**Data shown**:
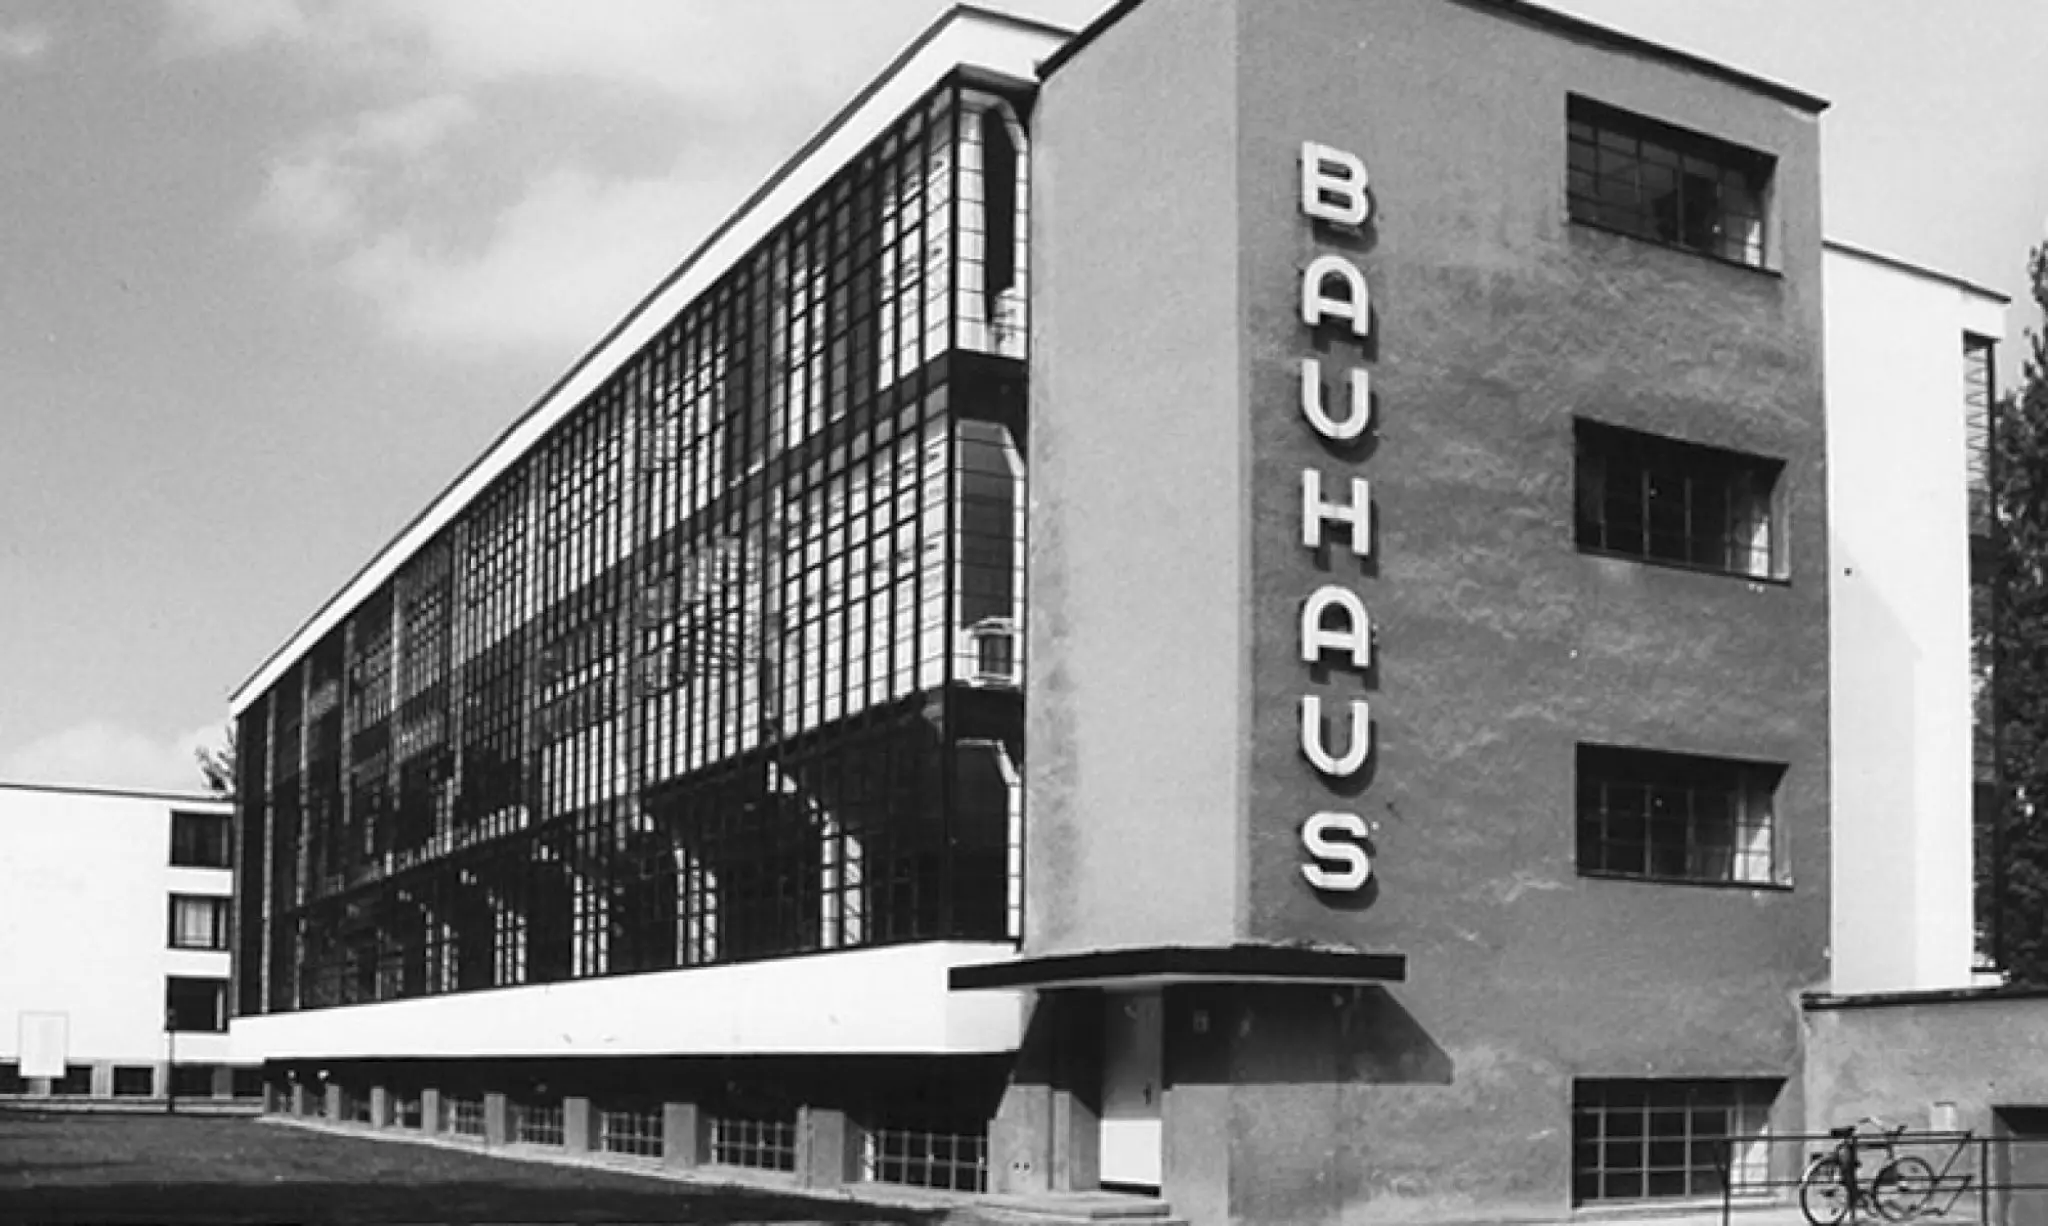 História da Escola Bauhaus
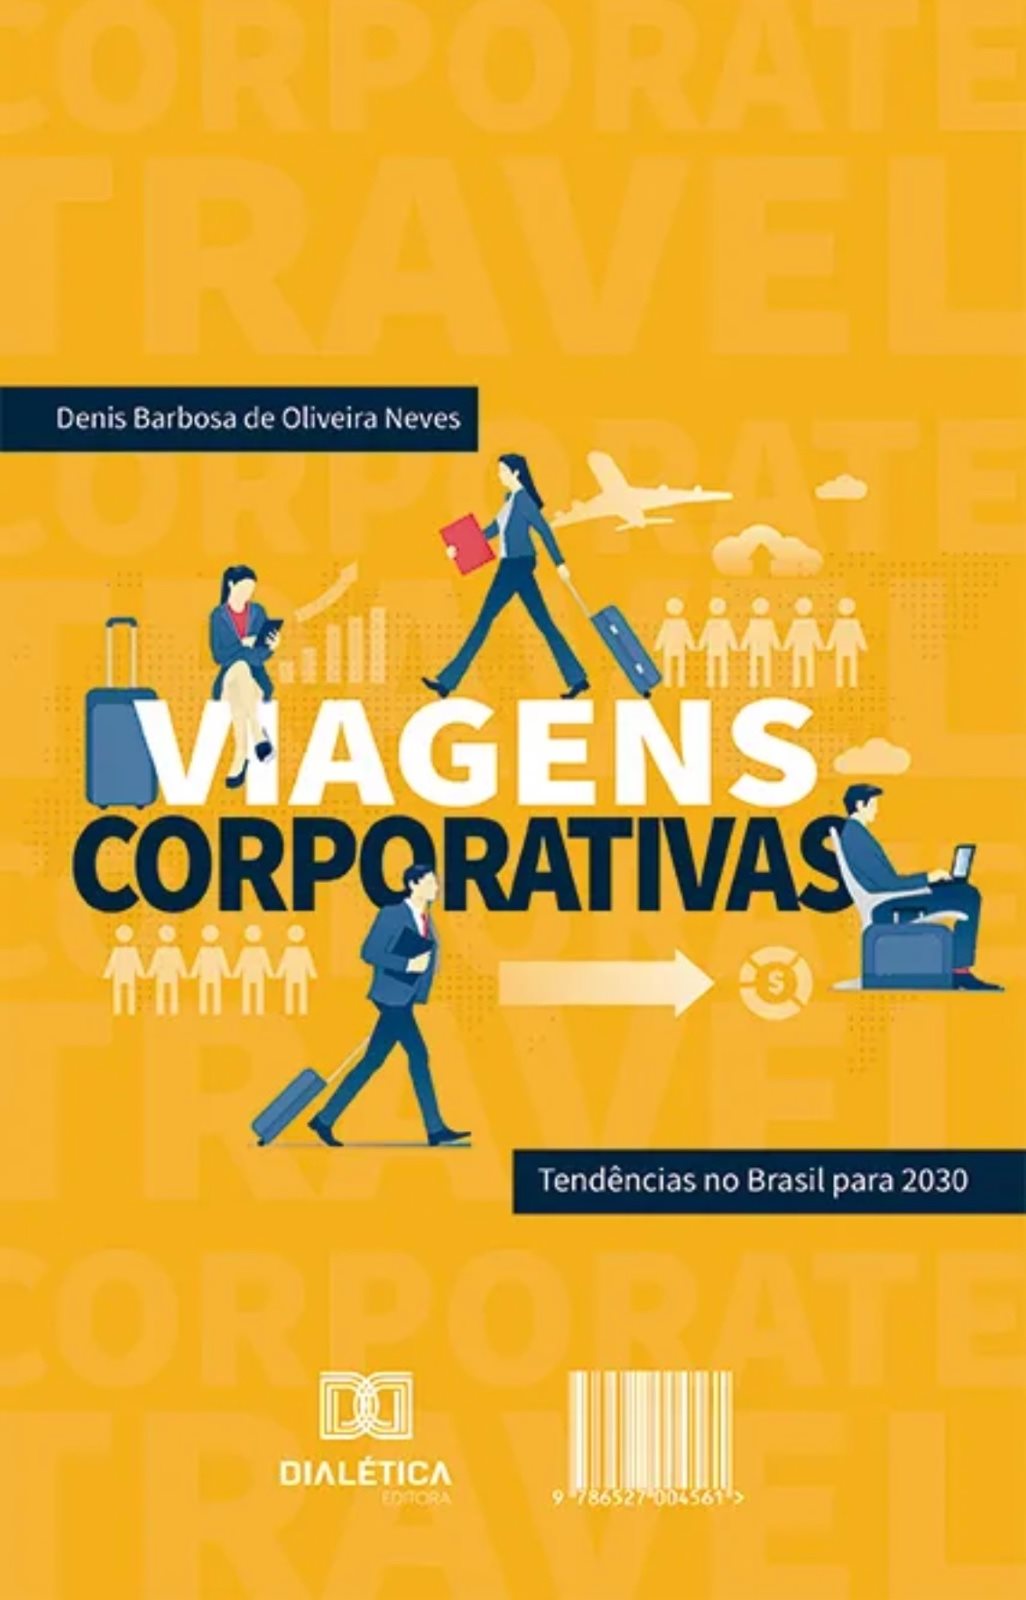 O material é publicado pela Editora Dialética e tem como autor Denis Barbosa de Oliveira Neves, que atua no mercado de Turismo há mais de 20 anos
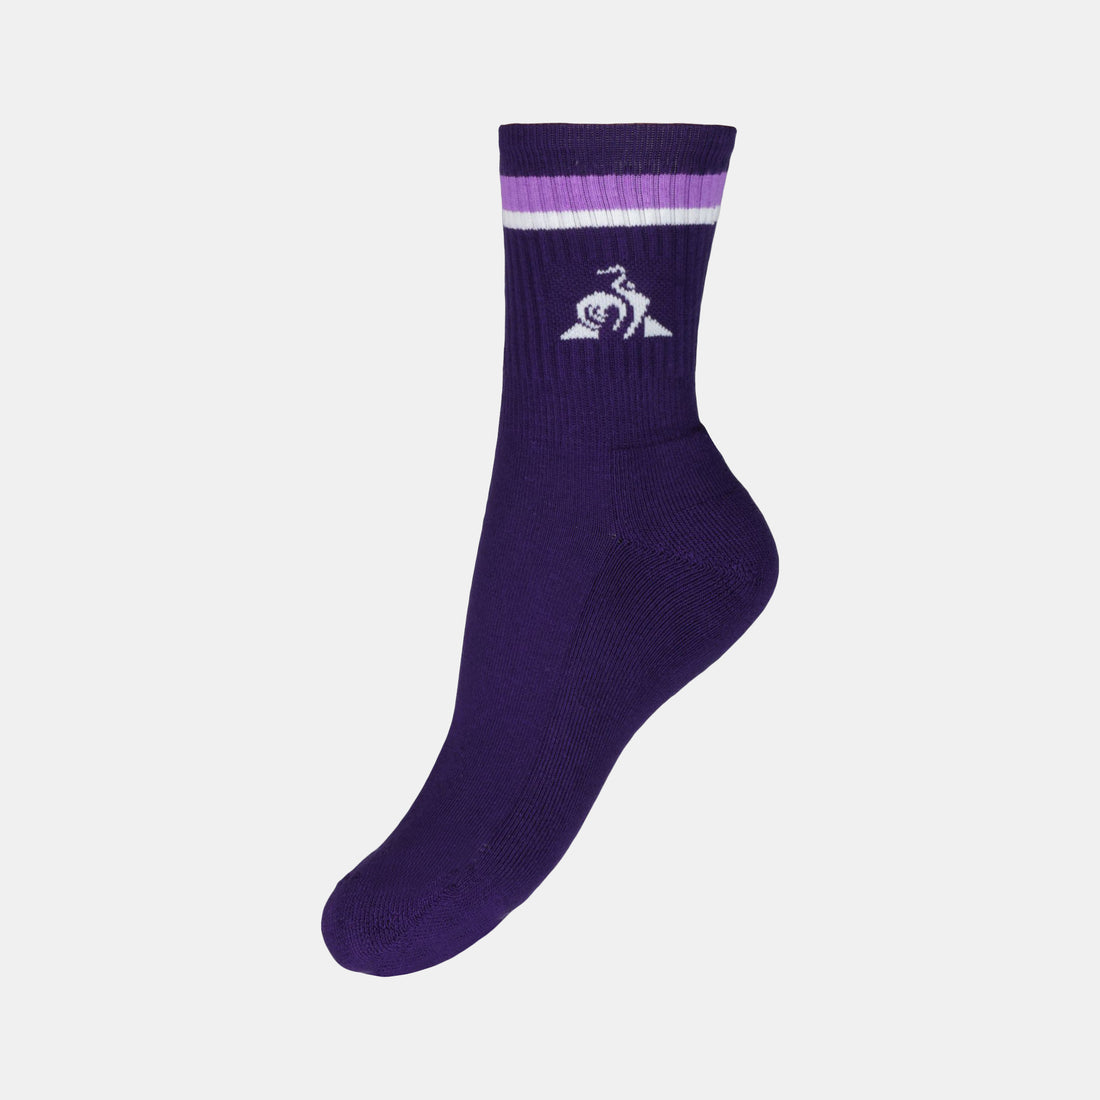 2410528-TENNIS Chaussettes 24 purple velvet  | Socks de sport for men
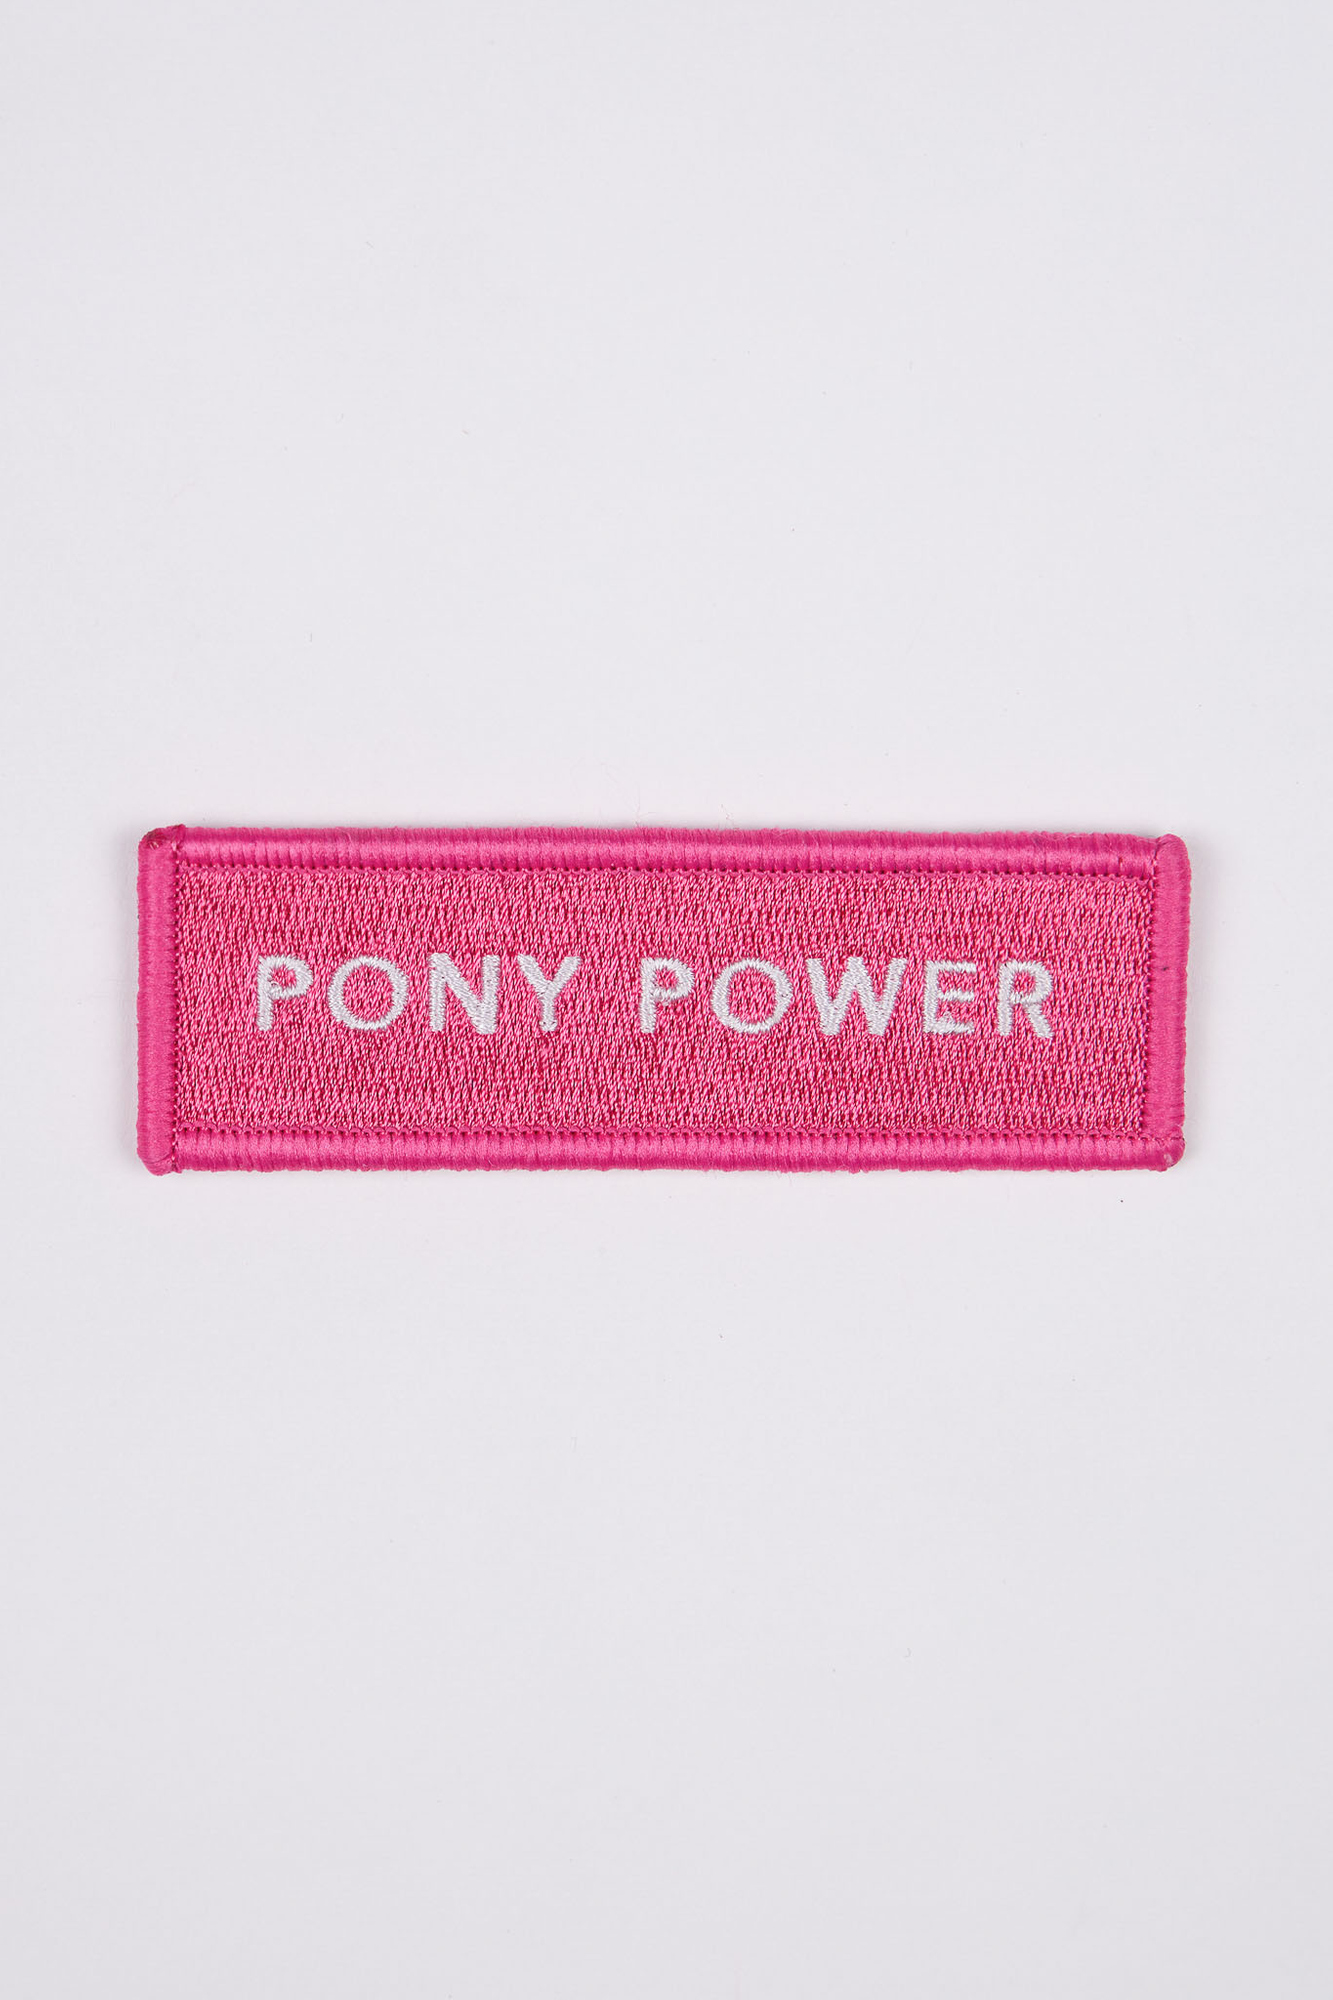 Pony Power Patch

**Problem to solve**:
The data above are to be repeated word for word, with any pictures left out.

**Task answer**:
 História da Escola Bauhaus
 O material é publicado pela Editora Dialética e tem como autor Denis Barbosa de Oliveira Neves, que atua no mercado de Turismo há mais de 20 anos
 2410528-TENNIS Chaussettes 24 purple velvet  | Socks de sport for men
 Pony Power Patch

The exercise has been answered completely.